We packed away the food and flasks, the socked rifle was collected and we got back in the car to climb the same mountain as this morning, to park next to the same satellite dishes to look at the view. Looked a bit different. That noontime pale blue light was gone, it was quite cloudy apart from a patch of stars directly above us and it was freezing! Alex suggested to keep moving my toes inside my boots (I was already doing that) and if I needed it, he had a sharp knife. Thank you, Svalbardian.

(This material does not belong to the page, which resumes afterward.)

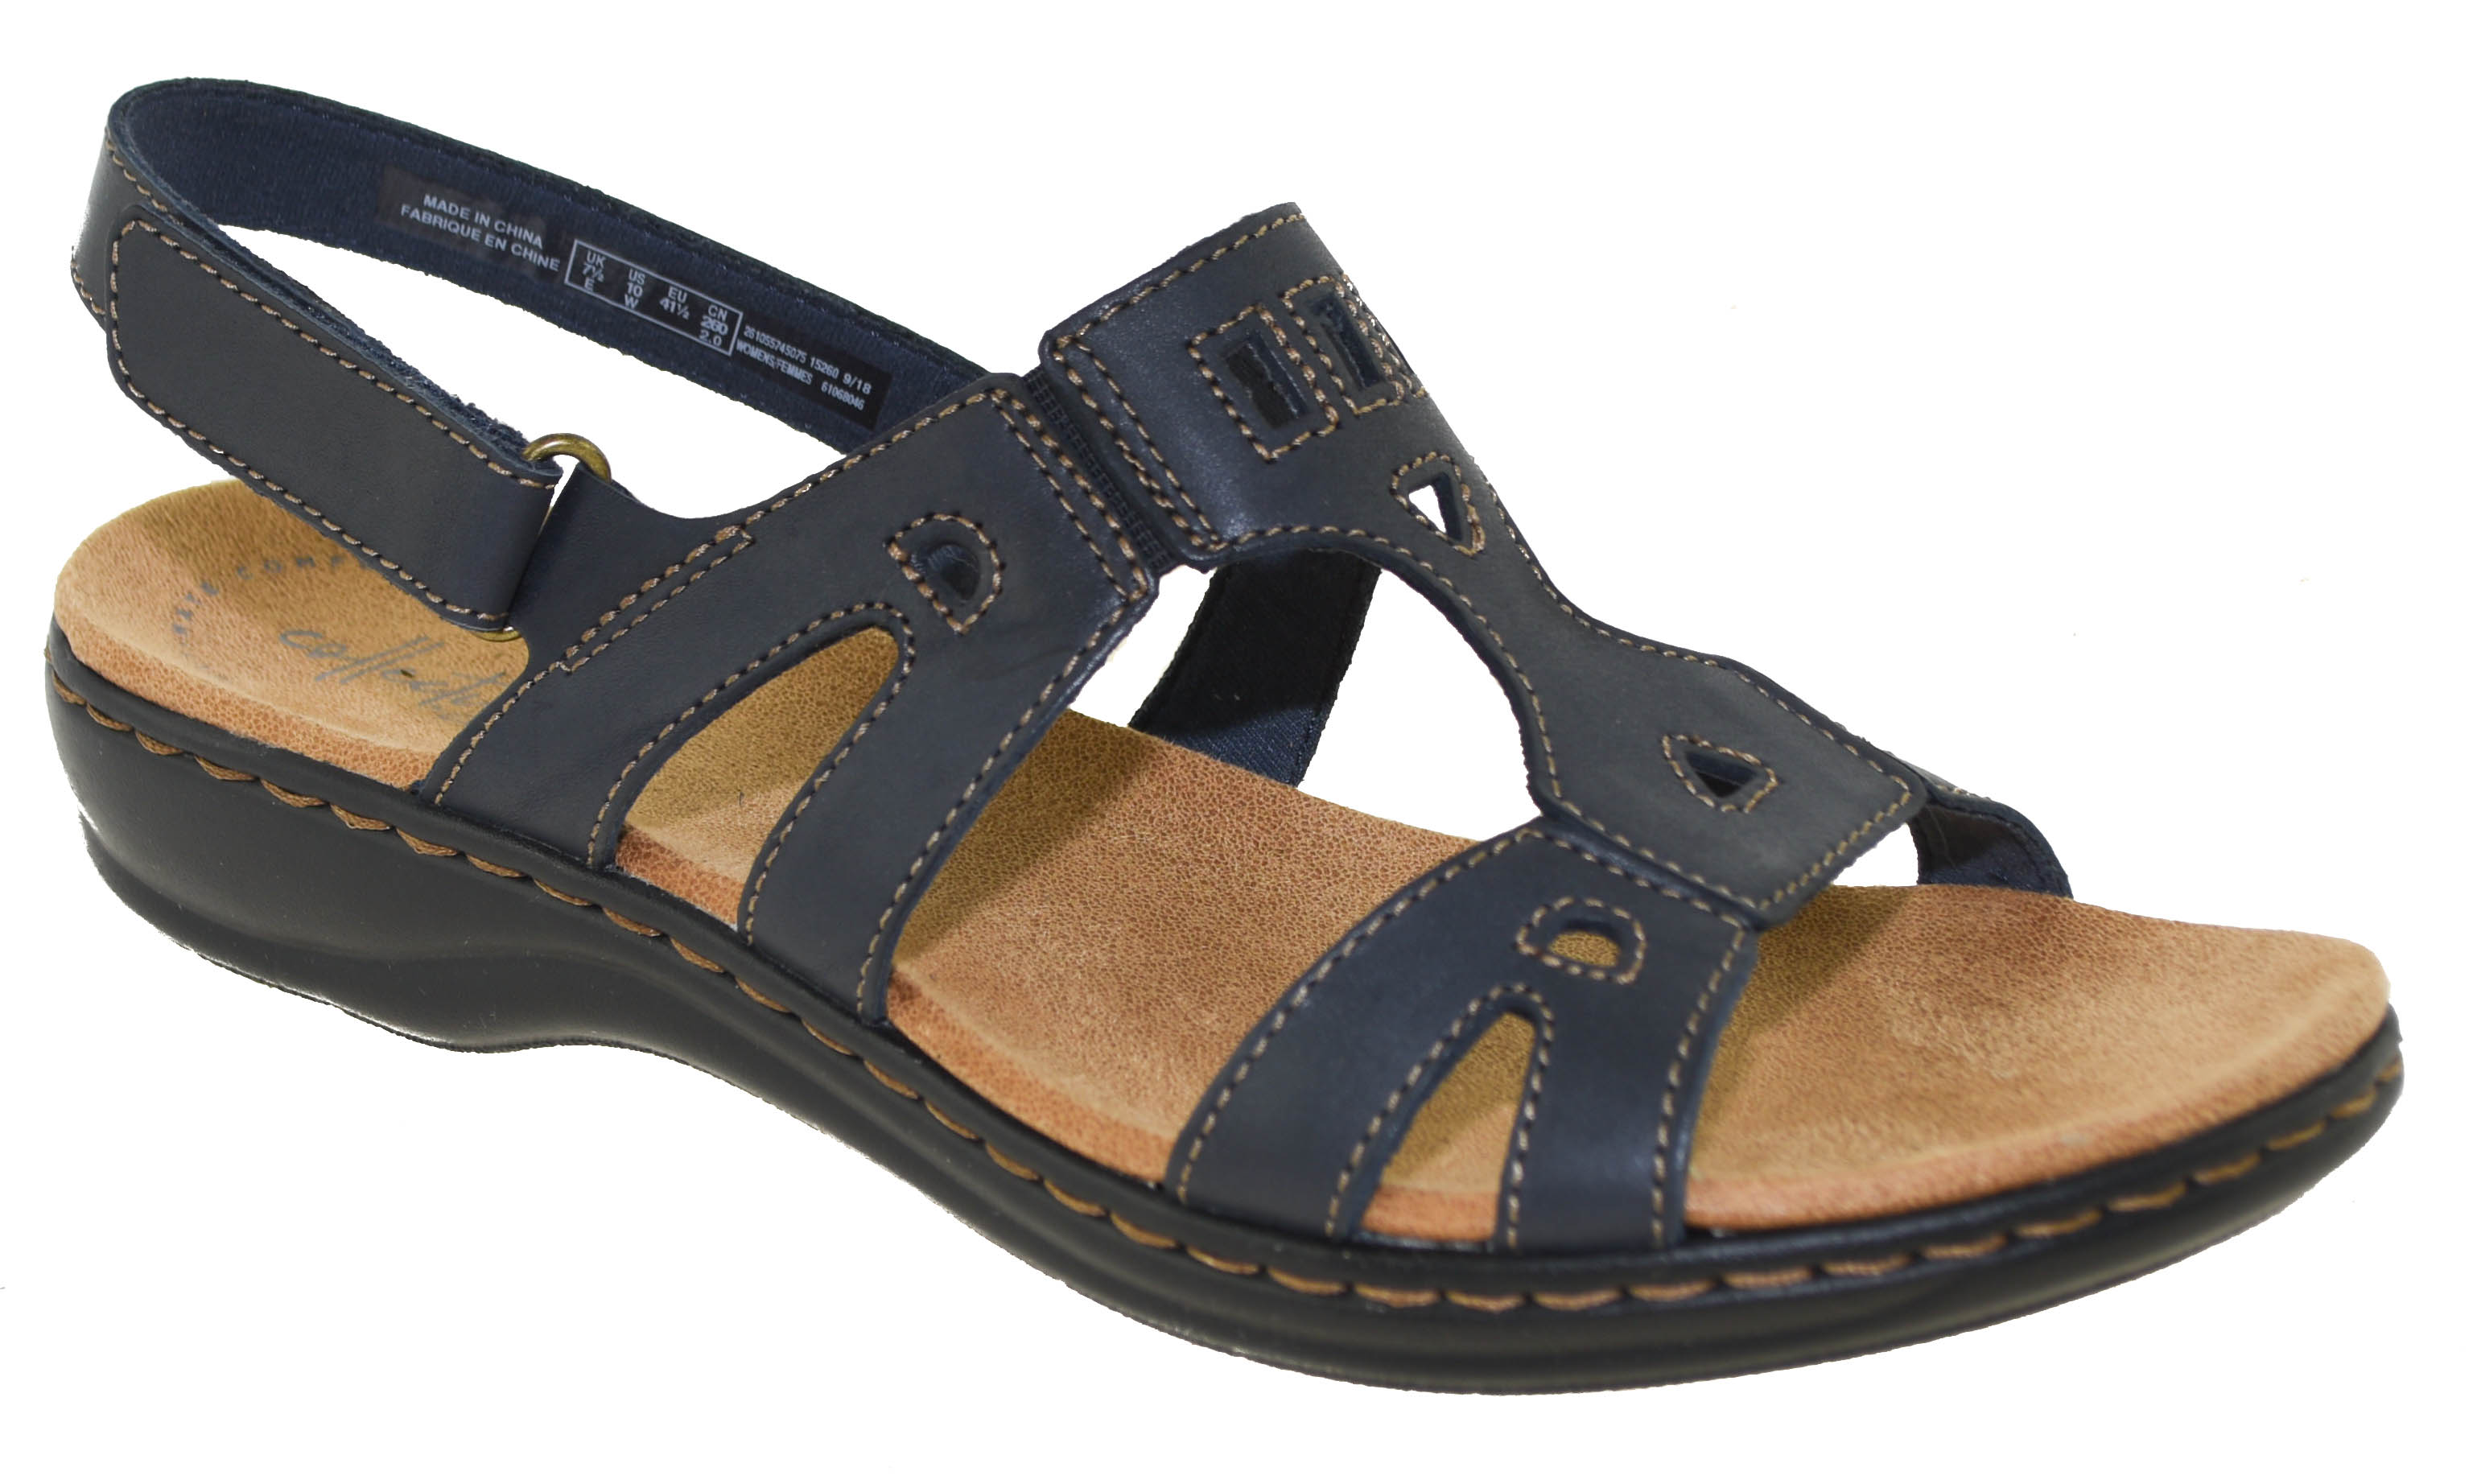 Clarks Women's Leisa Annual Sandal Navy Leather Style 05574 | eBay

The Northern Lights were not playing. Not a flicker. Not even a flicker that can only be seen by a camera. Nothing. Eventually, when we all had hypothermia, we got back in the car and descended, to stop next to Camp Barentsz for the penultimate story. There is a little field of antennae – short ones four or five feet high researching clouds made of crystals that glow and longer ones measuring meteoroids. “In winter, I like them. In summer, I think they’re quite ugly. But they’re the closest thing we have to a forest. That one on the right is going to be my Christmas tree”. Pause. “That is a good joke. I will write it down in my notebook.”

The last story was about another polar bear. A few people were camping around the next fjord and some bears were getting a bit close. They fired their flare guns and the bears would run away to the next camp, who would fire their flares and scare the bear away to the next camp etc etc and then when the bears got used to the flares, they banged saucepan lids because the bears had never heard that before and they did not like it. But one day, the camp next door failed to scare the bear off and had to evacuate to their boat and watch while the bear destroyed everything. And then it ambled into their mess tent, stayed in there for a while, presumably eating everything it could get its paws on and when it finally emerged, it had a shopping bag (from Svalbardbutikken) hanging from its mouth. This very bear, in fact:

Adolfbukta2014_-Elida-Langstein

That was the last story. We were on our way back into town, delivered back to our various warm rooms, I wrote a blog and ate some cheese and now I’m going to have a bath. Because that’s what you do here in the evening – and it was a longer evening than expected because I thought it was at least ten o’clock only to find it was half past seven.